[EXTRACTED MATERIAL]
Segment Open

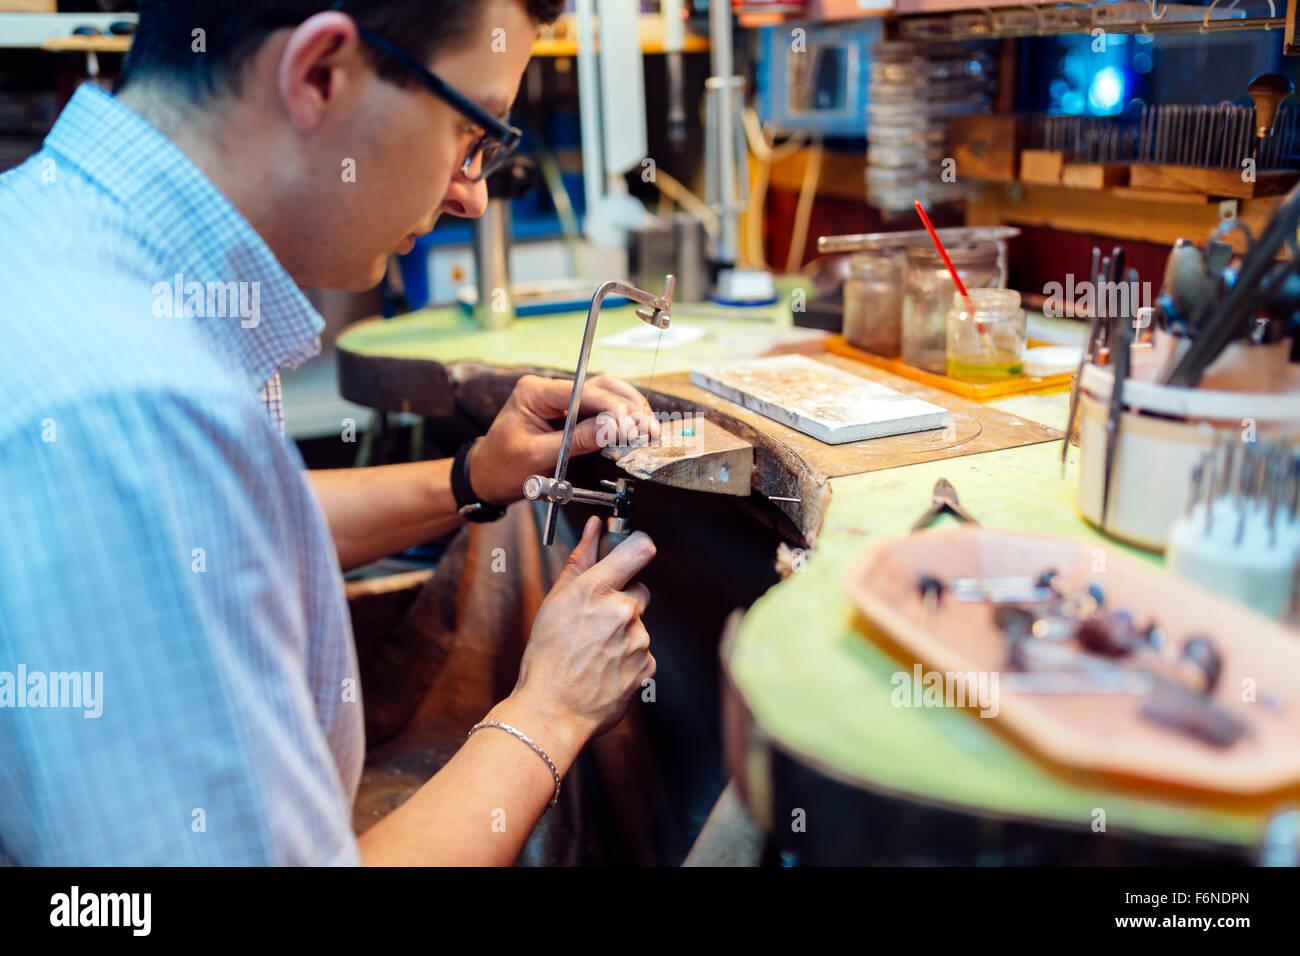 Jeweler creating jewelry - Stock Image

Segment Closed
Segment Open

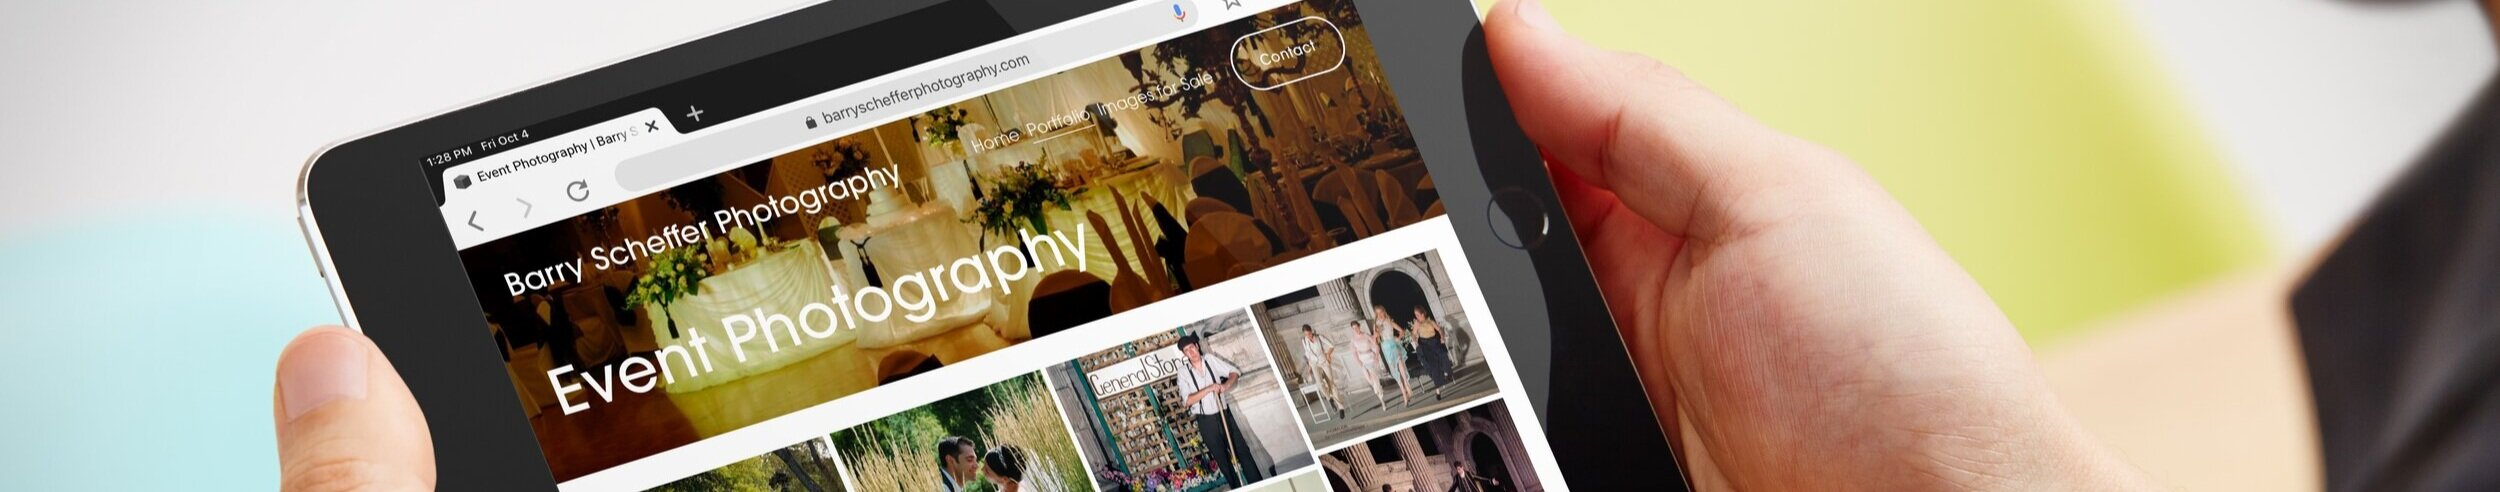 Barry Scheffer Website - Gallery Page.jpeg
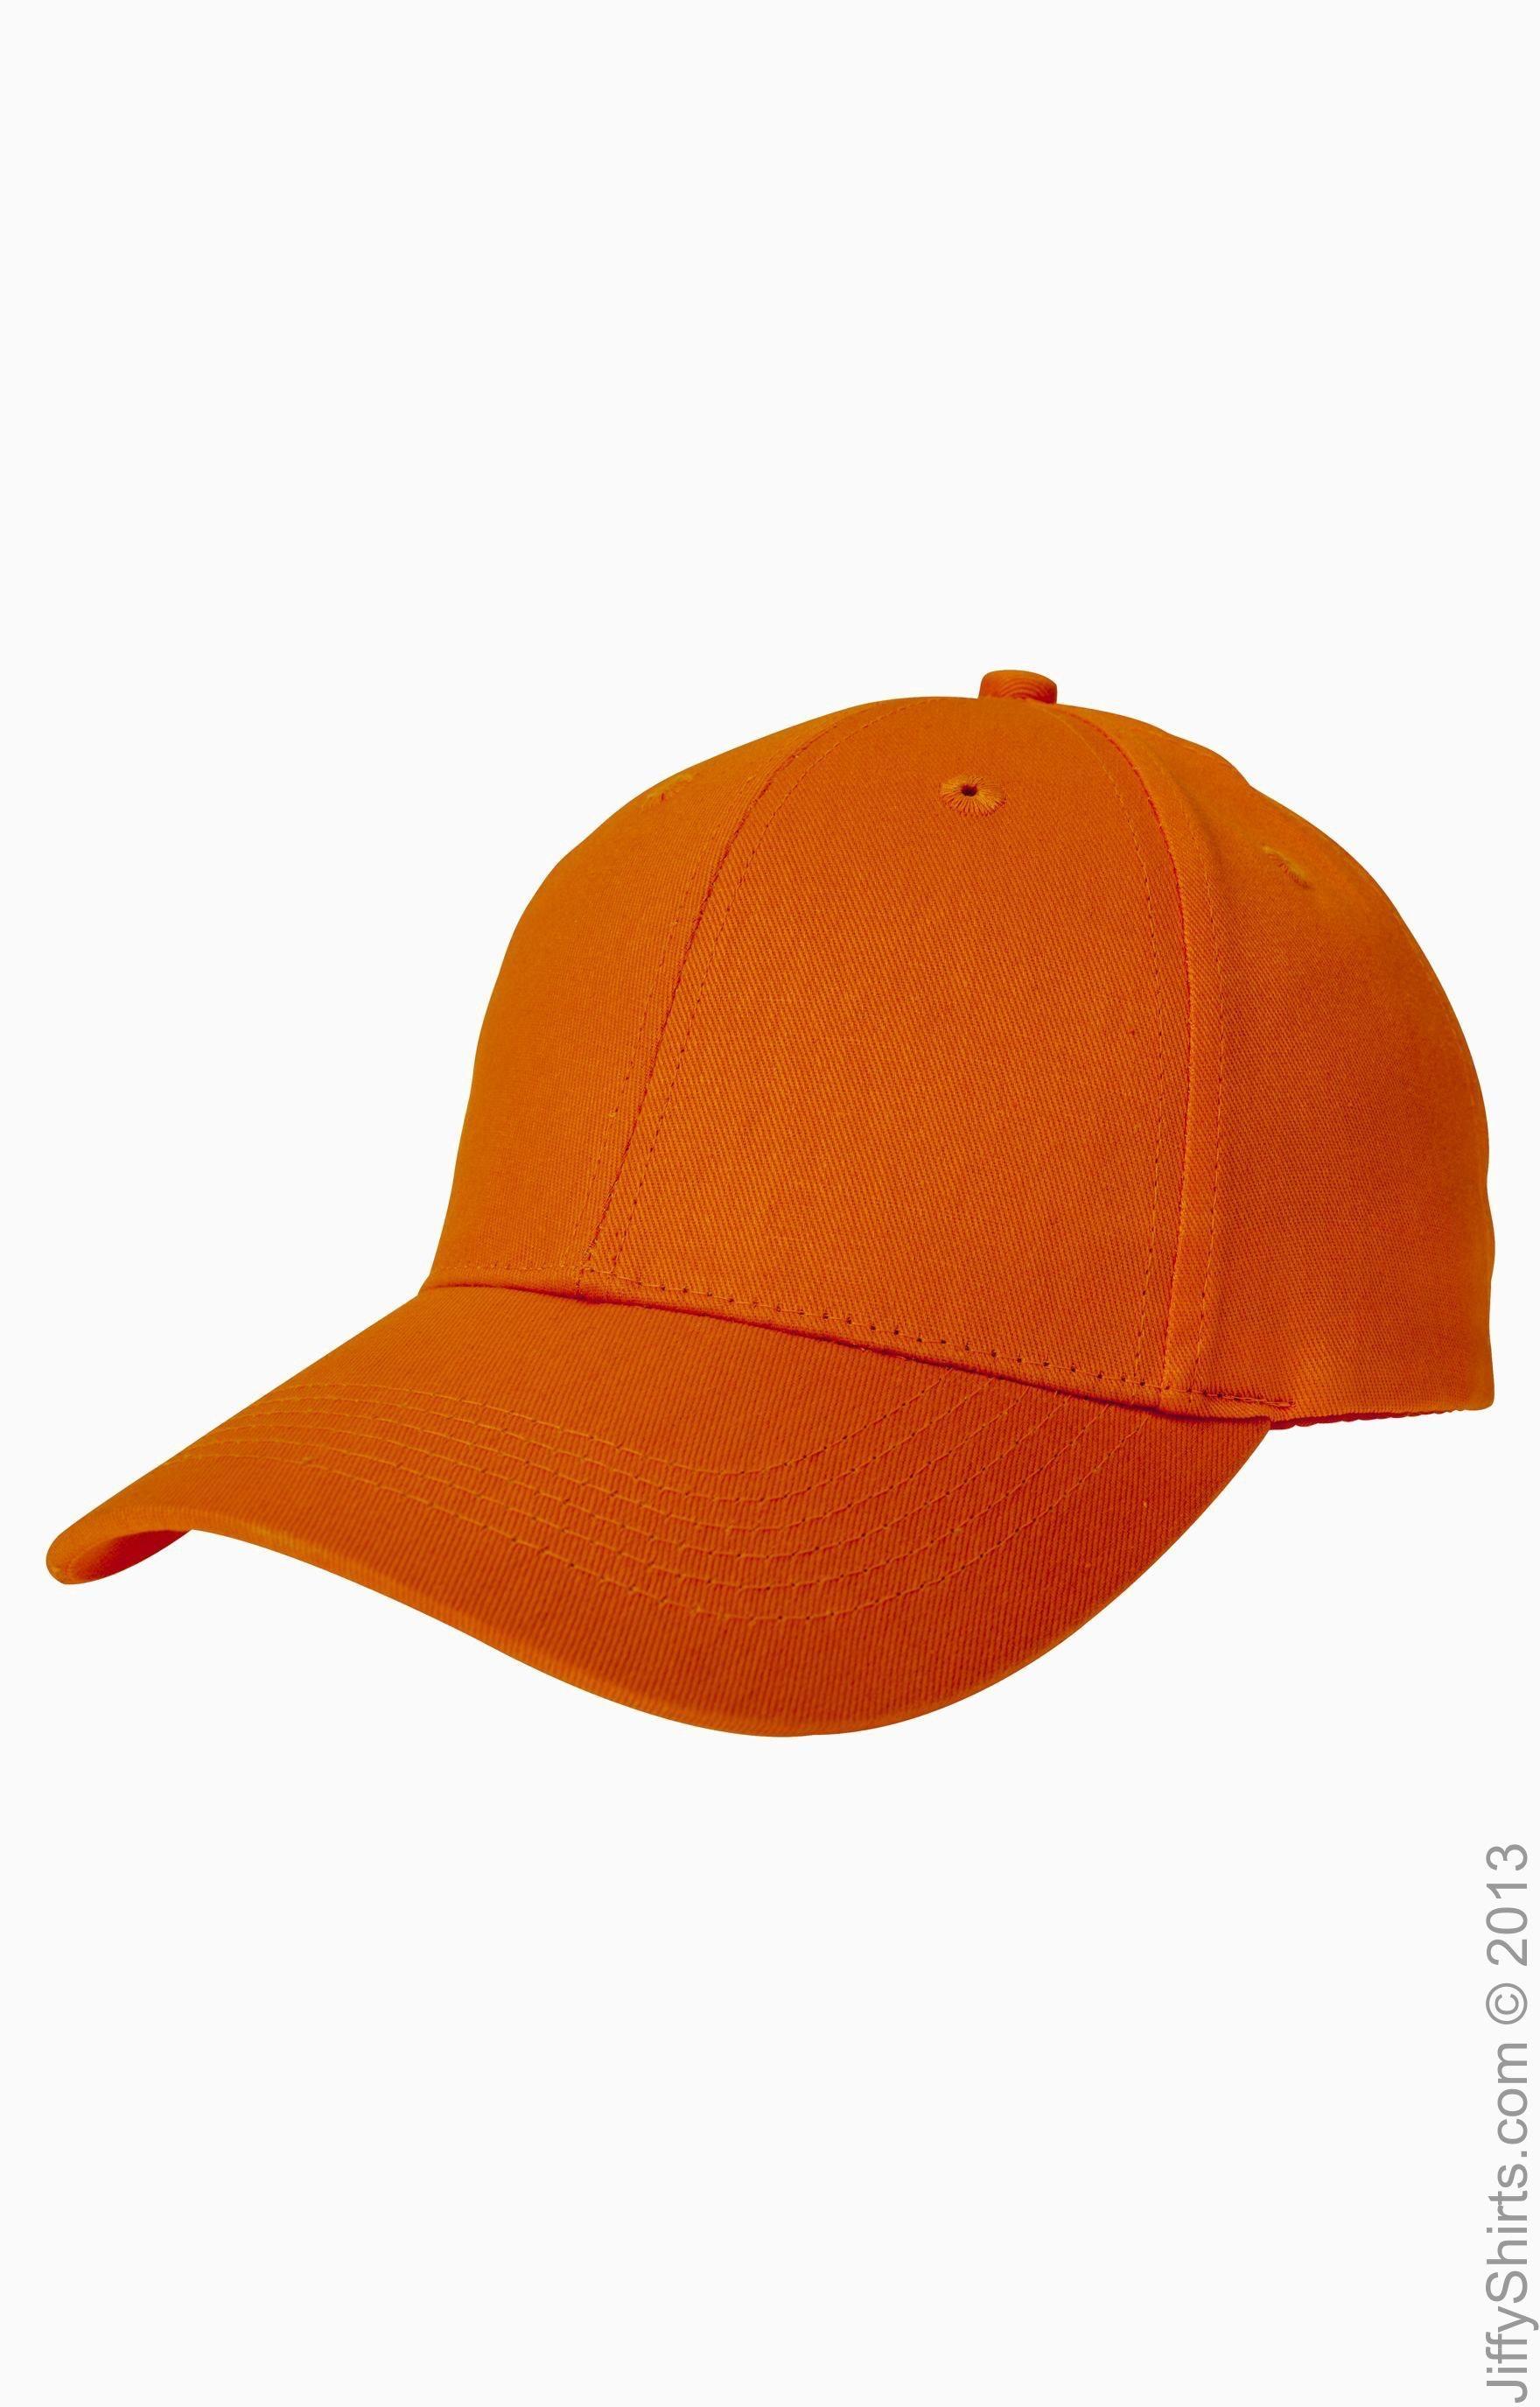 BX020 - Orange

Segment Closed

[GOAL OF THE EXERCISE]
Repeat, without pictures, exactly the lines of the data above from the one containing "Barry Scheffer Website - Gallery Page.jpeg" through the one containing "BX020 - Orange", including both and adding nothing.

[SOLUTION TO THIS PROBLEM]
 Barry Scheffer Website - Gallery Page.jpeg
 BX020 - Orange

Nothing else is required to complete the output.